Дочка поддержала: «Наверное, нас посадят обоих, потому, как за «консерву» и мне обидно.»
Ах, Царица Небесная!... Что тут началось!..
Половина зала хлопала, пытаясь «захлопать» эту гадость. Часть встали, и с возмущением пробирались между кресел, некоторые увещевали, что мы ничего не смыслим в современном искусстве. Музыканты посмеивались.

Дочь встала и, хорошо поставленным «юридическим голосом», произнесла: «Мы требуем прекратить это безобразие!» – Часть зала зааплодировала.
Горе-певец отступил от микрофона. Но тут на нас опять зашикала другая часть зала: «Если  не понимаете, то нечего ходить на такие концерты, и не мешайте слушать!»   Какие «такие», Саш? – мы же на классику шли…

Операторы вертелись, переводя камеры то на сцену, то на зрителей. 
Наши поднялись, чтобы уйти, кроме тёти. В это время оставшаяся половина зала разделилась: одни недоумённо хлопали глазами, другие стали бурно аплодировать и кричать «браво».
Тётя неуверенно пролепетала: «Наверно мы не правы, я останусь до конца.»

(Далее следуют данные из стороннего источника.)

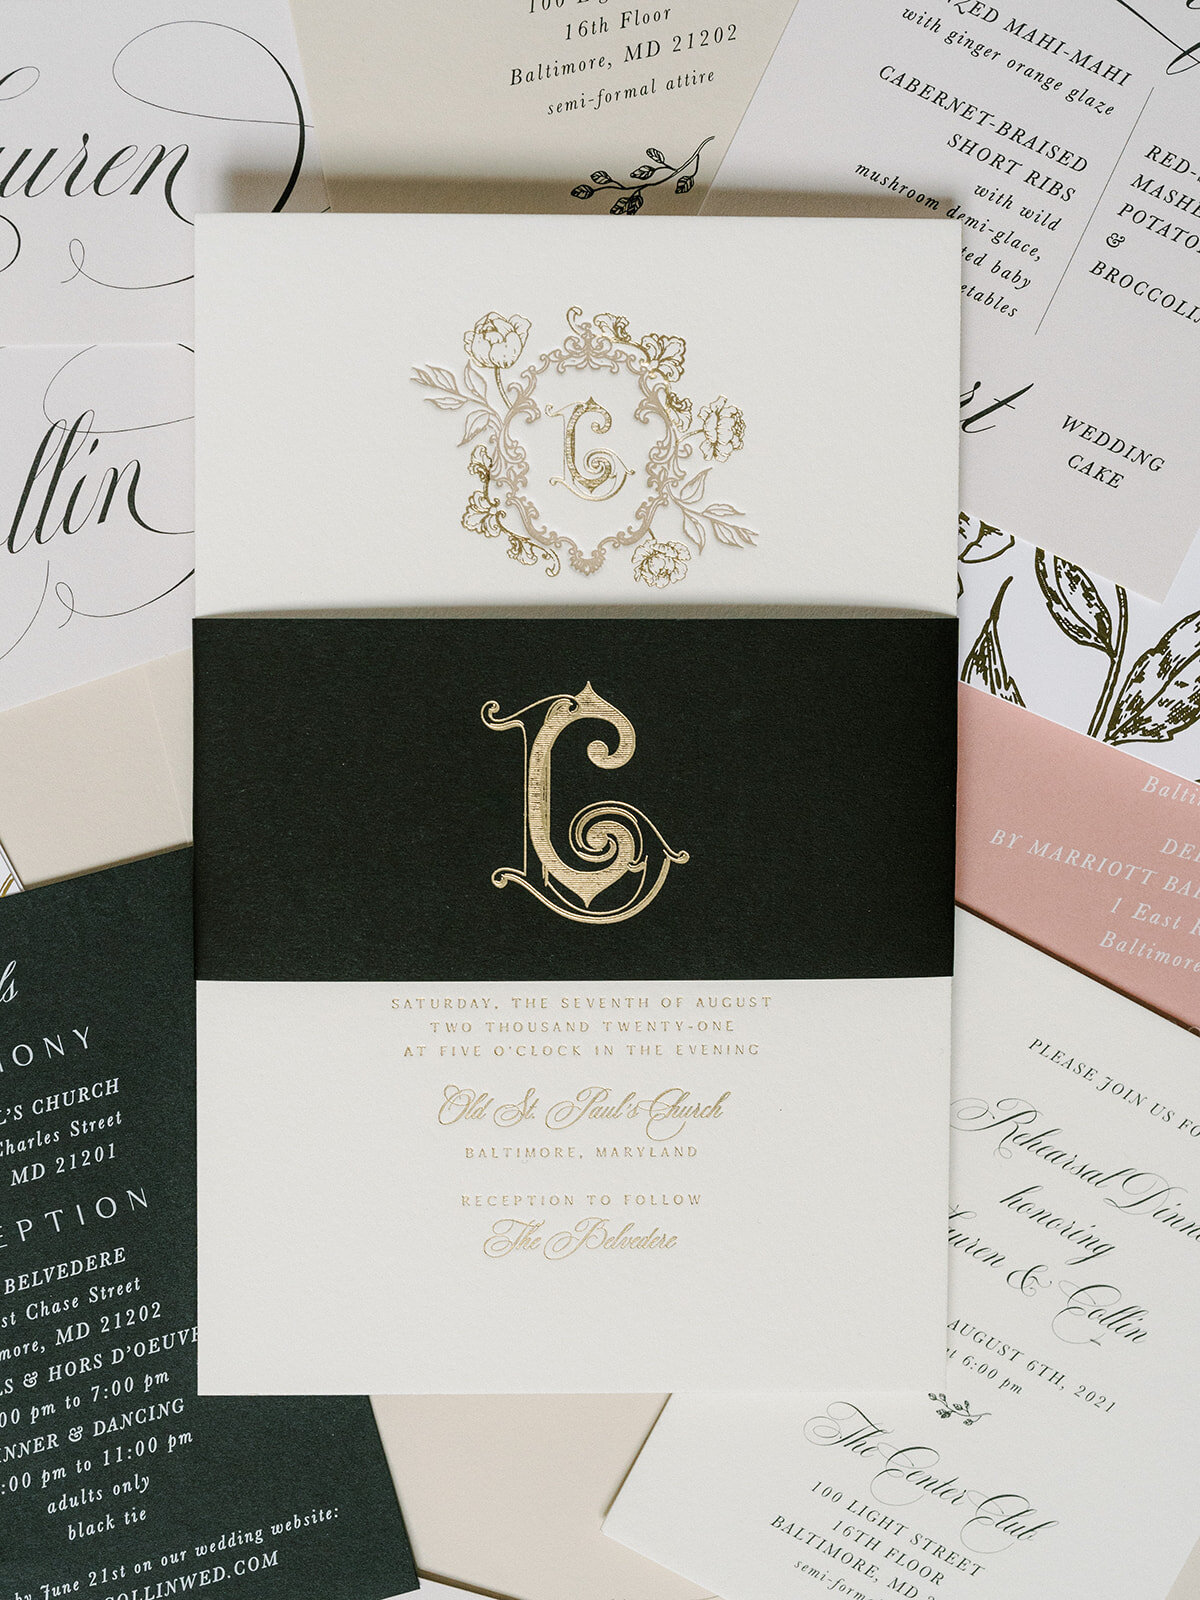 opulent letterpress wedding invitation with floral monogram and black belly band by emily baird

– Ну-ну!.. - Съехидничали наши и сочувственно посмотрели на меня. Сопровождать-то её мне предстояло.  – Найдёте нас в кафе.
Я покорно принял это бремя, поскольку чувствовал себя виноватым перед родственниками, которым испортил новогодний праздник.

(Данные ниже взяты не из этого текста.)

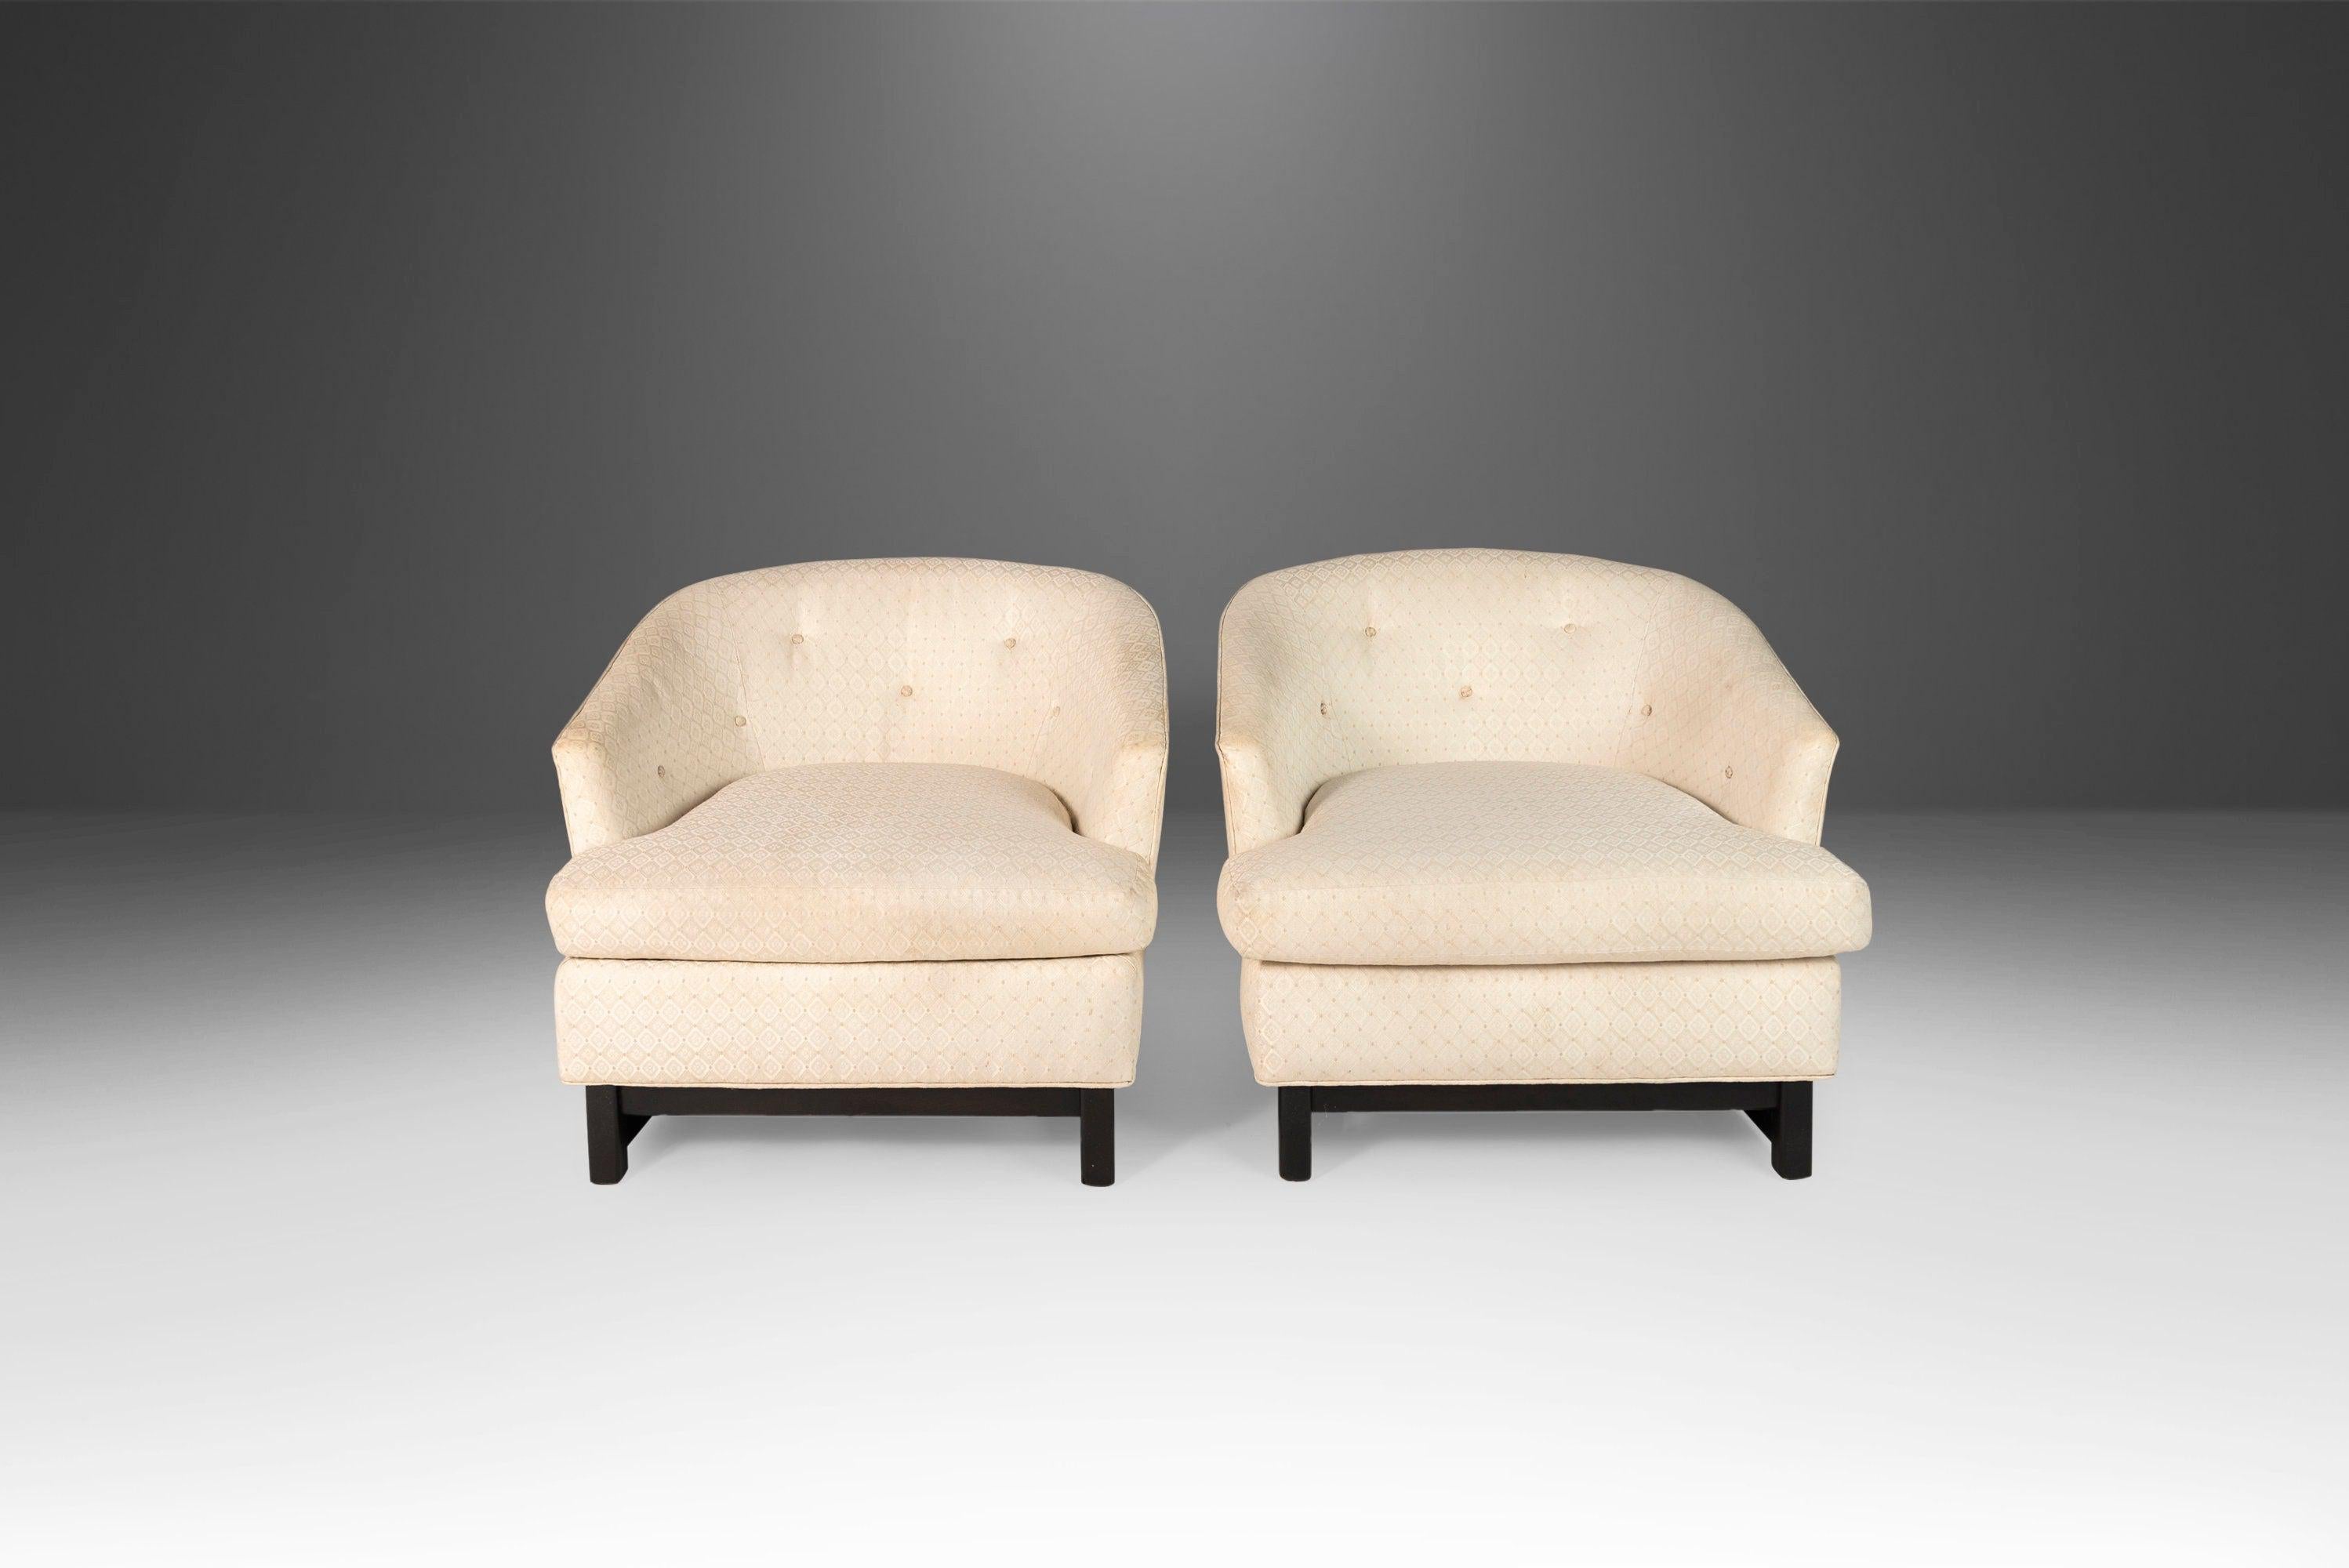 American Set of Two '2' Low Profile Barrel Chairs After Edward Wormley for Dunbar, 1960's For Sale

Чуда не произошло. Классика чередовалась этим окаянным Мартыновым и через два номера программы и тётя, наконец, поняла, что сидеть тут больше не стоит, тем более, что зал опустел на три четверти, если не больше.

Мне было обидно за себя,.. за тётю-предательницу,.. за то, что нас «развели» самым наглым образом в этот праздничный вечер. И не где-нибудь - на экспериментальной сцене, где такие выкрутасы возможны, а в святая святых классической музыки – в консерватории.

На выходе возмущённые зрители пытались найти администратора, шумели, возмущались,.. но всё было тщетно. Администрация была уже дома. Билетная касса закрыта. Впереди было десять дней новогодних праздников и стало совершенно очевидно, что кто-то всё это очень точно просчитал.

Я вел свою тётю по мраморным ступеням и вспоминал Булгакова. С описанных им времён, мало что изменилось. Зашли в кафе.

Дамы мои тяпнули кофе с коньяком и повеселели. Они уже подсчитали заработок лохотронщиков и обиды на меня за испорченный праздник вовсе не держали, даже наоборот – старались поддержать и успокоить. Шутили по поводу того, что могли бы и в «обезьяннике» оказаться - театралы!.. 

А Москва готовилась к встрече Нового года, выставляя напоказ свой праздничный наряд. Глыбы зданий были подсвечены прожекторами, светились гирлянды огней.
Было торжественно-монументально, как в президиуме... – Столица!
И не было в ней ни уважения, ни  милосердия, ни жалости  к человеку. Это просто не заложено в её каменные мозги. «Даёшь народное гулянье!» - и всё тут!

- Что-то, Родь, смех наш – сквозь слёзы получился. Пошли, что ли?, пока хвосты не приморозили. - Друзья покряхтели, покачали головами, поднялись со скамейки и направились к дому.
Поскрипывал  под ногами снег, в разрывах быстро бегущих облаков проглядывала горбушка луны.

2009 г.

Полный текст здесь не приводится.